El perro

Armonía Somers

Y ya no más que temer. Al fin, las propiedades que se pierden solas son las mejores, porque al menos expresaron su deslealtad natural, no anduvieron con rodeos. Así lo estaba razonando todo junto al cerco de la casilla, cuando, no por la sensibilidad plantar de la mujer, sino por las orejas del perro, supo que venía el tren. Como siempre el animal empezó a ensayar un avance con las patas de atrás, limándolas contra las piedras, a bien de estar en buenas condiciones para correr junto al convoy algunos metros ladrando a todo volumen. Las cosas habían principiado, pues, como siempre. De pronto, y tal el que asiste a las situaciones fulminantes de los sueños, pareció meterse por los ojos del hombre aquella imagen, el cocinero del tren arrojando ciertos comestibles por la ventanilla. El perro, con el hambre pudorosa que era el orden del día en la casa, dio sin embargo un vuelco moral en el orgullo y agarró por los aires lo que se le venía. Pero el tipo, al cual se habrían echado a perder por alguna razón las provisiones, empezó a tirar más y más cosas por la borda, y así el animal largó lo que portaba en la boca para ir por las siguientes, sin comerse ninguna y sin abandonar tampoco las otras. A todo lo que alcanzaron sus ojos, el tren seguía descargando su vientre descompuesto y el maldito perro agarra y deja las presas. Luego, ya no se vio más nada.
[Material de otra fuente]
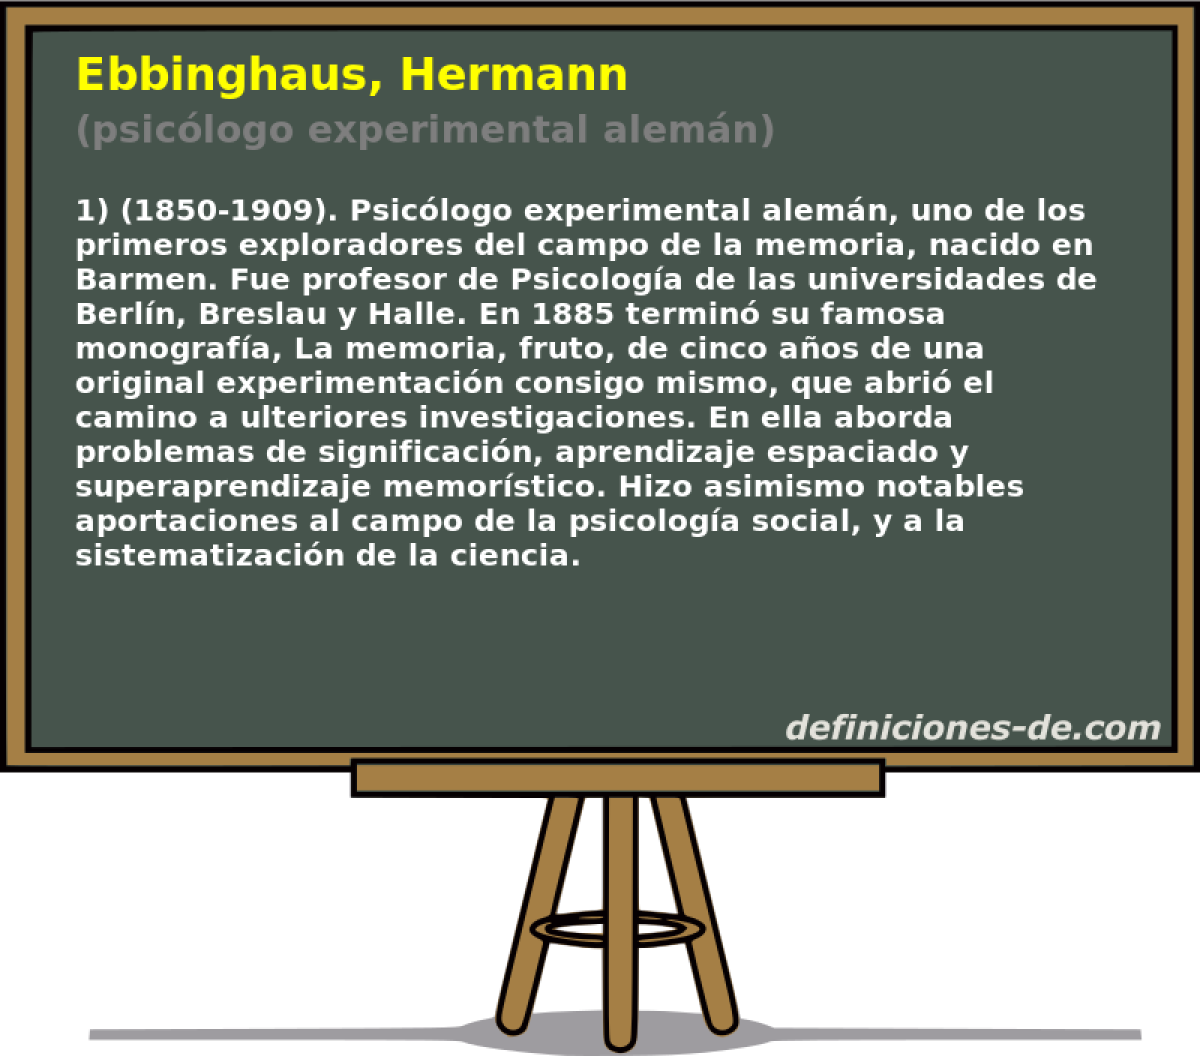 Ebbinghaus, Hermann (psiclogo experimental alemn)

Aguardó toda la tarde. No, un perro es el último ser viviente que puede esperarse que nos traicione por el vislumbre de una nueva abundancia. Sin embargo fue así, aunque no estuviera escrito. Es que en materia de infidelidad puede sucedernos todo, dijo en la tarde vacía de resonancias, hasta que el perro abandone también el lugar donde ni la mujer ni el gallo se animaron a seguir tirando.
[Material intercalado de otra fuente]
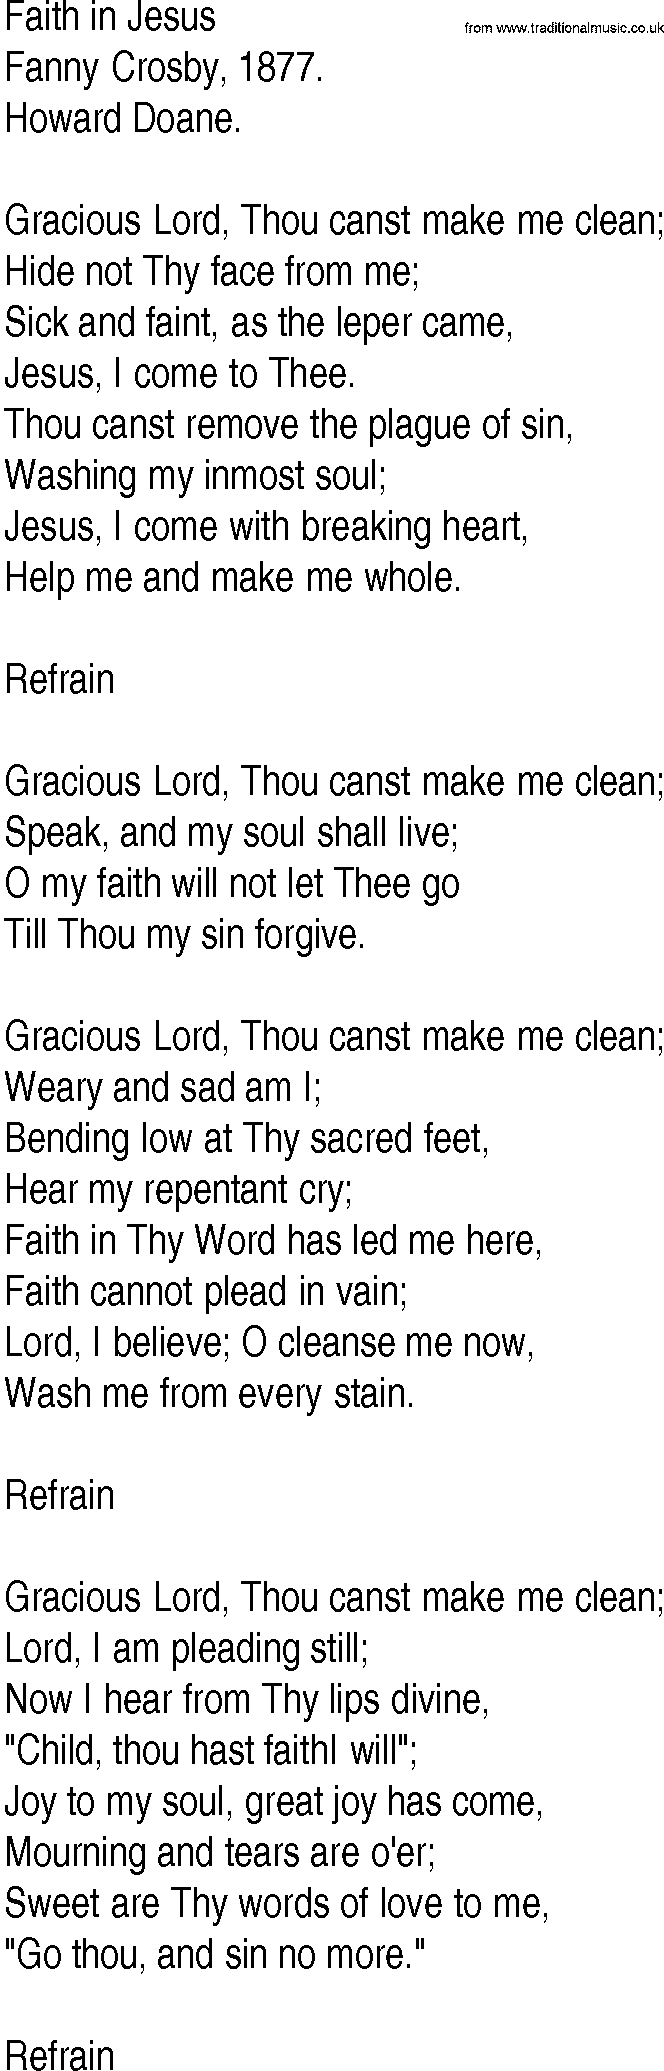 Hymn and Gospel Song: Faith in Jesus by Fanny Crosby lyrics

Era un final de jornada con anuncios visibles de tormenta. Y fue agarrándose a aquella pequeñez de orden meteorológico que logró el primer escape de la primera noche sin mujer, en base a los pensamientos de escasa importancia que revoloteaban en su aire. Cuando caían ya las primeras gotas, y se vio por el color del cielo que aquello iba a ser cosa de agua y viento, ató el caballo a la cerca lo más fuerte que pudo y penetró en la casilla, dispuesto a saborear a plena conciencia su refinada soledad de hombre que ya no tendrá a nadie para quien sacrificar las propias decisiones, aun la de abandonarlo todo para los que se arrojan sobre bienes mostrencos.
-Maldita esclavitud -dijo encendiendo la lámpara- malditos trastos acumulados. Uno pasa la mitad de la vida junta que junta. Y luego, un día que quiere montar aunque sea en pelo y largarse no puede. A veces sólo porque le dará cierto asco pensar que en el colchón donde se ha dormido vaya a instalarse un pueblo de lagartijas.